If an insufficient number of farms raised their hands to leave, then a “restriction rule” would be put in place.

“If we were to decrease again because we did not reach our objective, all the producers will have to decrease by the percentage that we will have established. For example, if it’s 3%, well everyone will decrease by 3% [the number of pigs] inside their farm. »

For David Duval, the most important thing is above all not to “put pressure” on any farm. He also hopes to restore “hope” to all producers.

“I’m going to stay in production. I will not embark on a buyout program because I believe in it, I believe in it for myself, but I also believe in it for my next generation, whether related or not. I believe in them. I tell myself all the time, I have to give them that future. »

The Quebec pork industry is shaken by an unprecedented crisis. The president of the Éleveurs de porcs du Québec, David Duval, who has stayed out of the spotlight for months, gave La Presse his first in-depth interview on the subject.

We are still in the conciliation process. It is moving in the right direction, and I am confident that we will get there.

For three weeks, we have been in a blitz of meetings because we see that summer is coming and that we have to come to a conclusion. I’m not here to complain, but we easily spend 10-12 hours a day negotiating. Every evening, we have a meeting with the conciliator to see where we have evolved in our points and redo a little brainstorming with the buyers. And that’s why I think it’s going well. We don’t sleep much these days because we try to find all the ways to get together to position ourselves. […] We manage to take a small step forward every day.

70% of our production is exported. We still had a very large exposure to international markets, and the Chinese market is an extremely unstable market that reacts without warning and in a very, very random way. From one day to the next, it can strip a factory of its certificate in order to be able to export. This is one of the premises for all of this. Then, of course, there was COVID-19, the closure of slaughterhouses and the departure of a lot of workers from these slaughterhouses. We are happy that today we have solved the problem of bringing in foreign workers because it was a difficult period for two years. It was extremely difficult for the processors. Today, we can count on these workers who have been returning for a few months. It is sure that it will bring back profitability.

As much as we could be proud when Olymel managed to do well on the international, Canadian and American scene as after that, we can arrive and say: “Ah!

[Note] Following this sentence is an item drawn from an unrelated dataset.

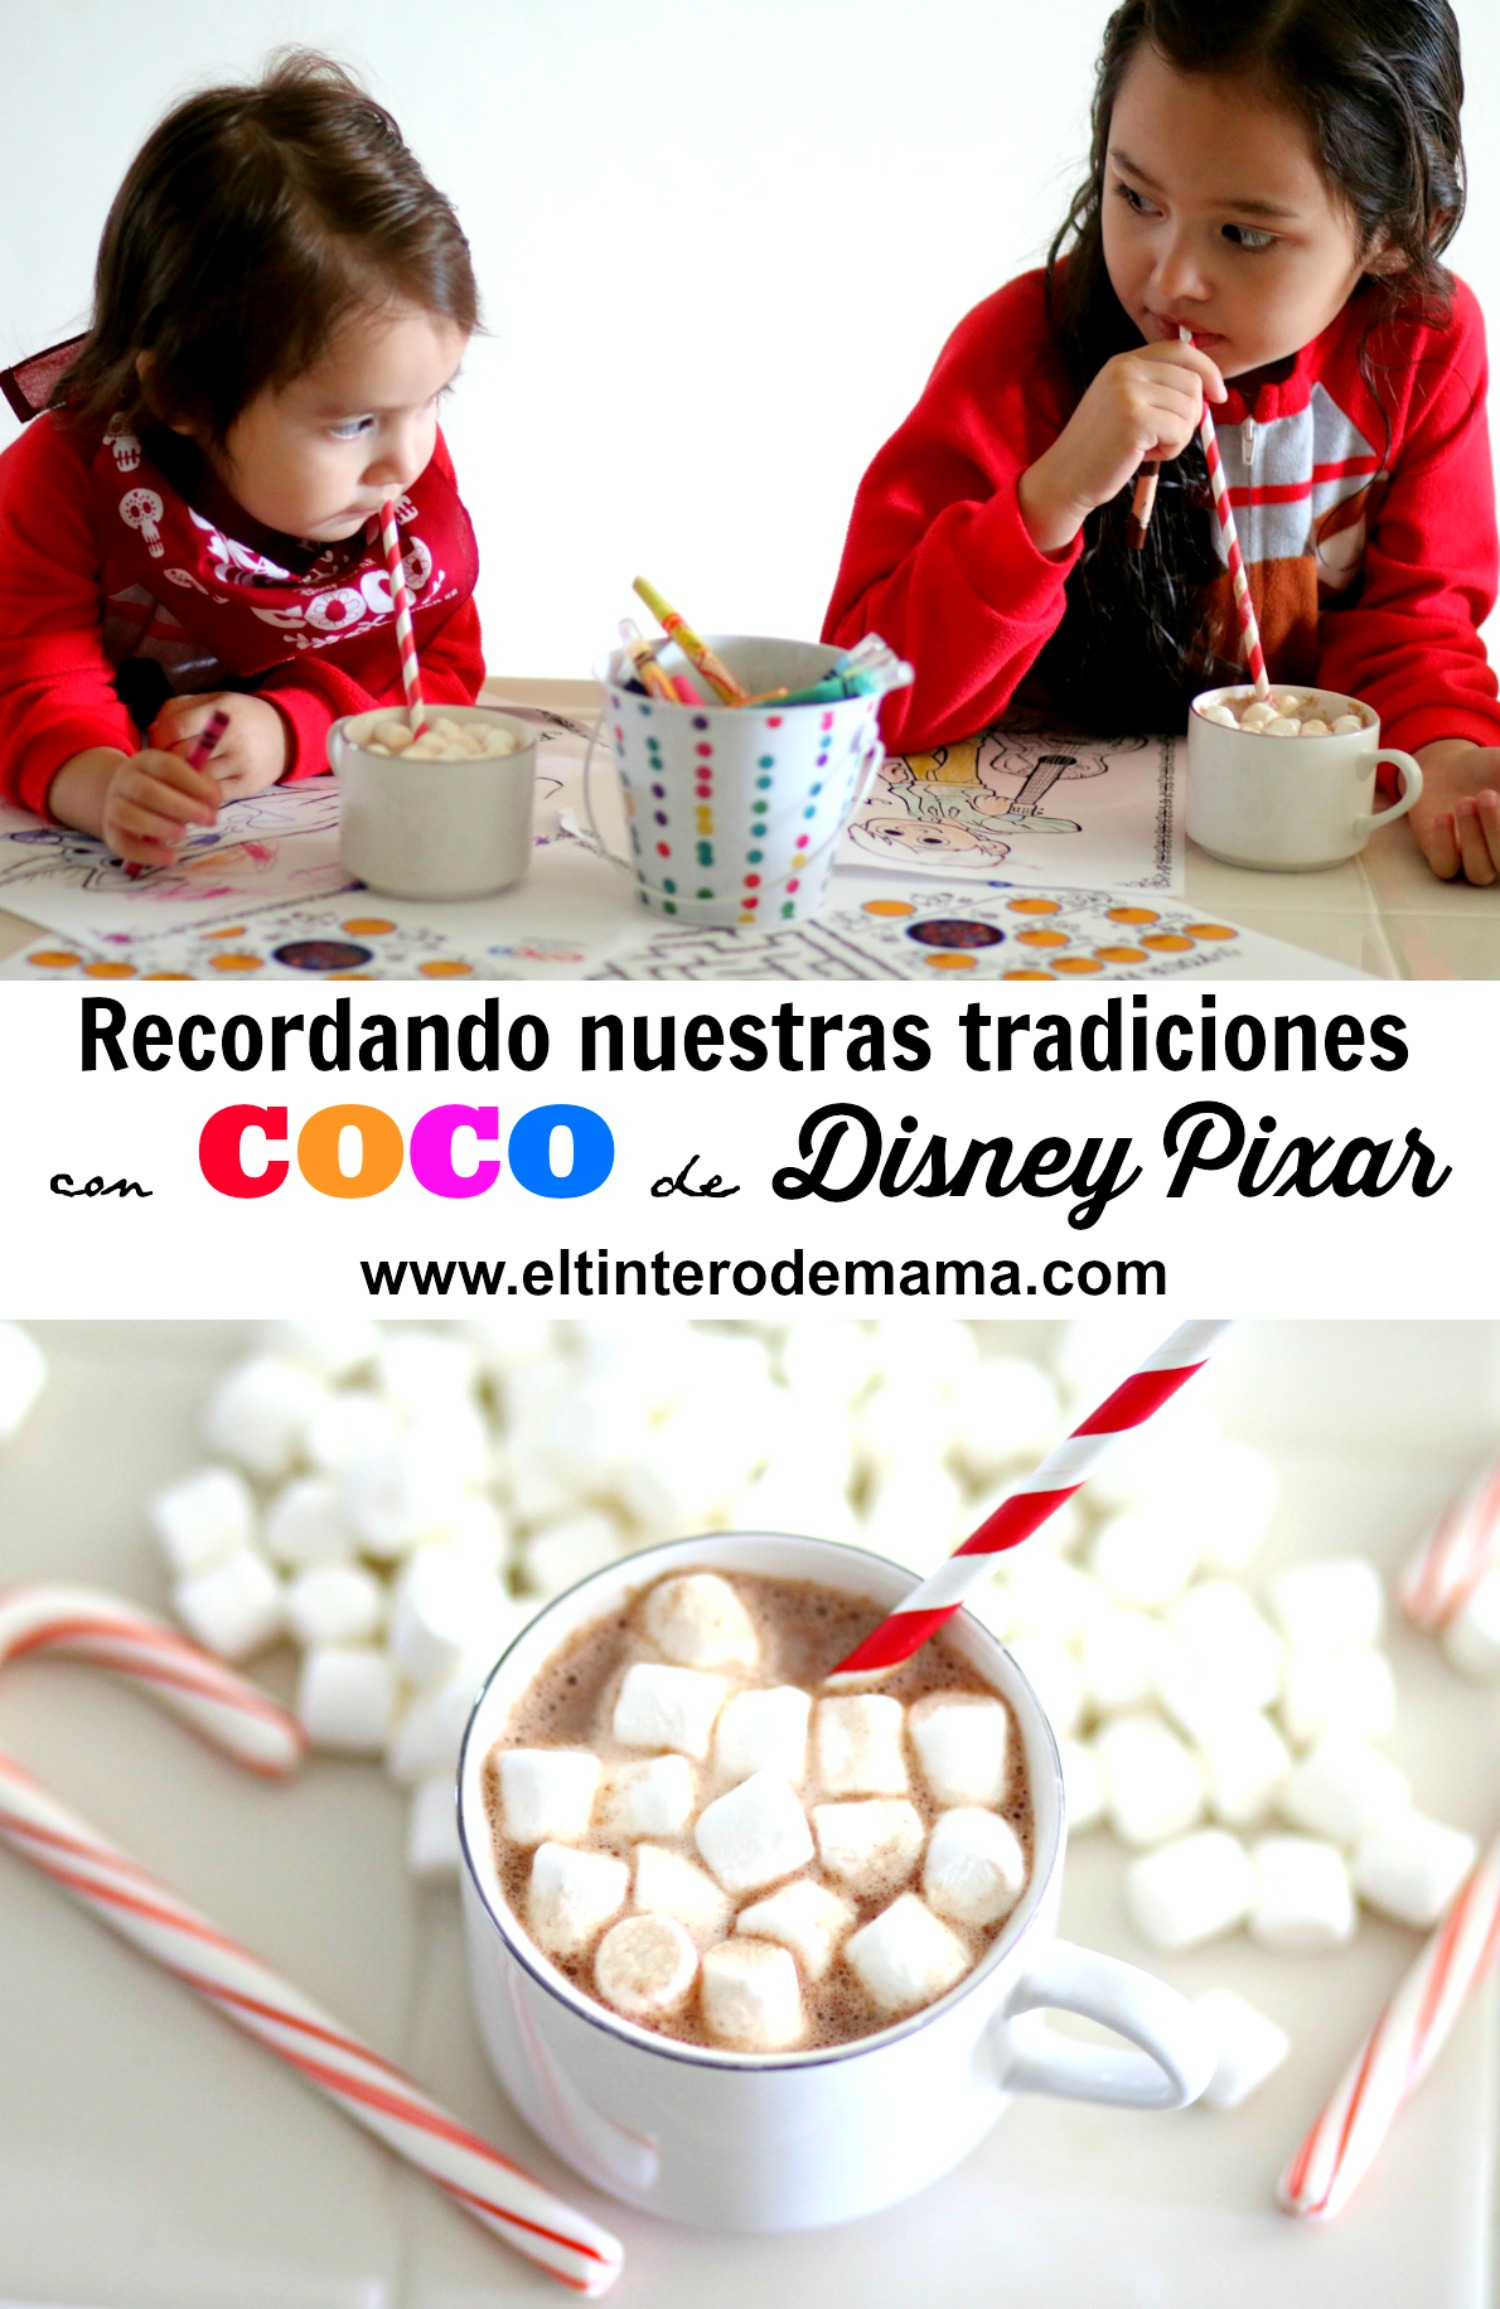 Recordando-nuestras-tradiciones-con-Coco

It makes no sense, there is a quasi-monopoly. “Me, I do not embark on this kind of speech there. I rather embark on a vision of how to do better, together.

I produce 36,000 pigs a year. I have about two-thirds of them going to the ASTA slaughterhouse in Saint-Alexandre and about a third that I send to an Olymel slaughterhouse.

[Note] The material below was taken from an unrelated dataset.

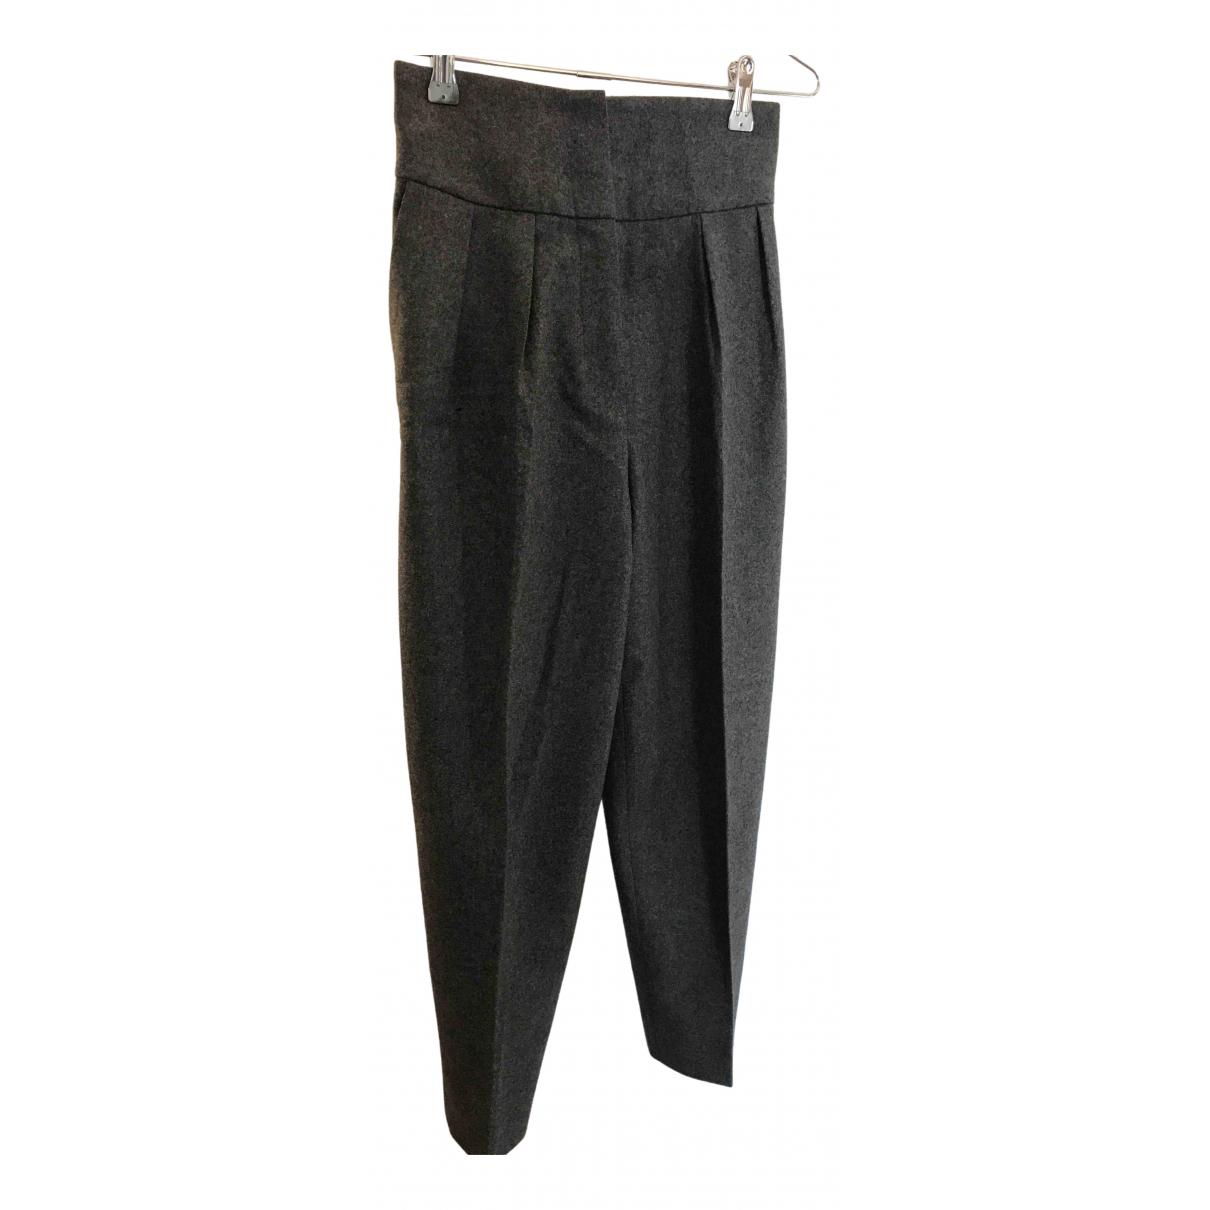 Pantalon de Lana Saint Laurent

No no no. Are you asking me if I have a possibility of a conflict of interest in the negotiation or if I feel, let’s face it, vulnerable? I have always had the chance to say that I am quite independent in my head, and in my head, as an independent, there is no one who makes me bow down.

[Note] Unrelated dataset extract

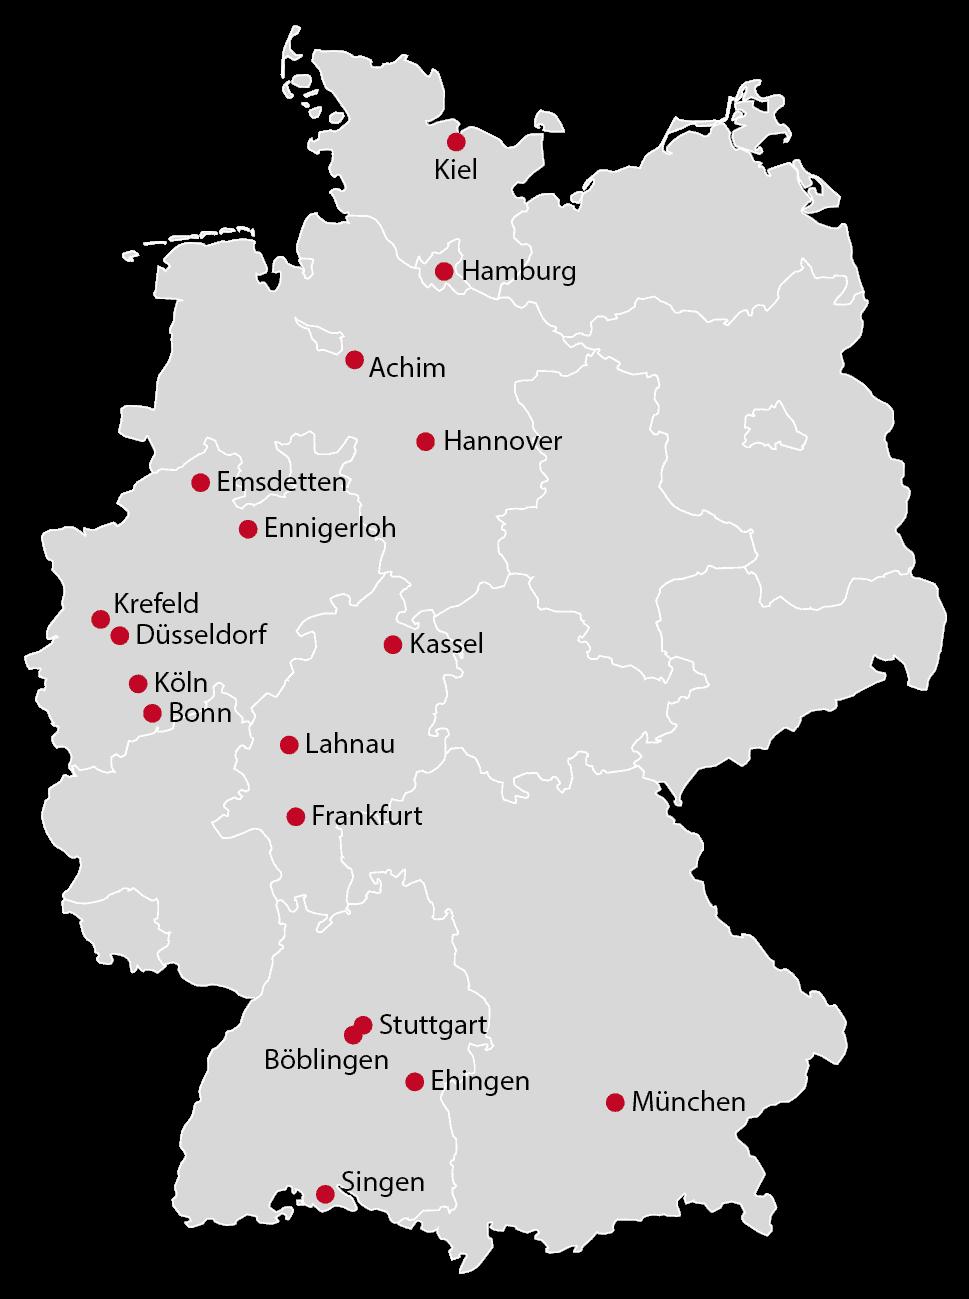 Alle Standorte der BS Gruppe von BleckmnnSchulze PartnerServices im Überblick

It’s a good question. Me, I always come back to: what does the industry bring in compared to this money that is invested? The spinoffs across the regions are $3.3 billion. A report produced by Raymond Chabot showed that for every dollar the government invests in pork production, there was $12 in direct benefits.

Morale is difficult because we have been going through a more difficult period for years. Until now, I have avoided going too public because I wanted to maximize my time in relation to the [negotiation of the] agreement [of marketing]. There, I think things are progressing very well, so we will be able to give this message of the future to the pork sector, because we believe in it, in this future.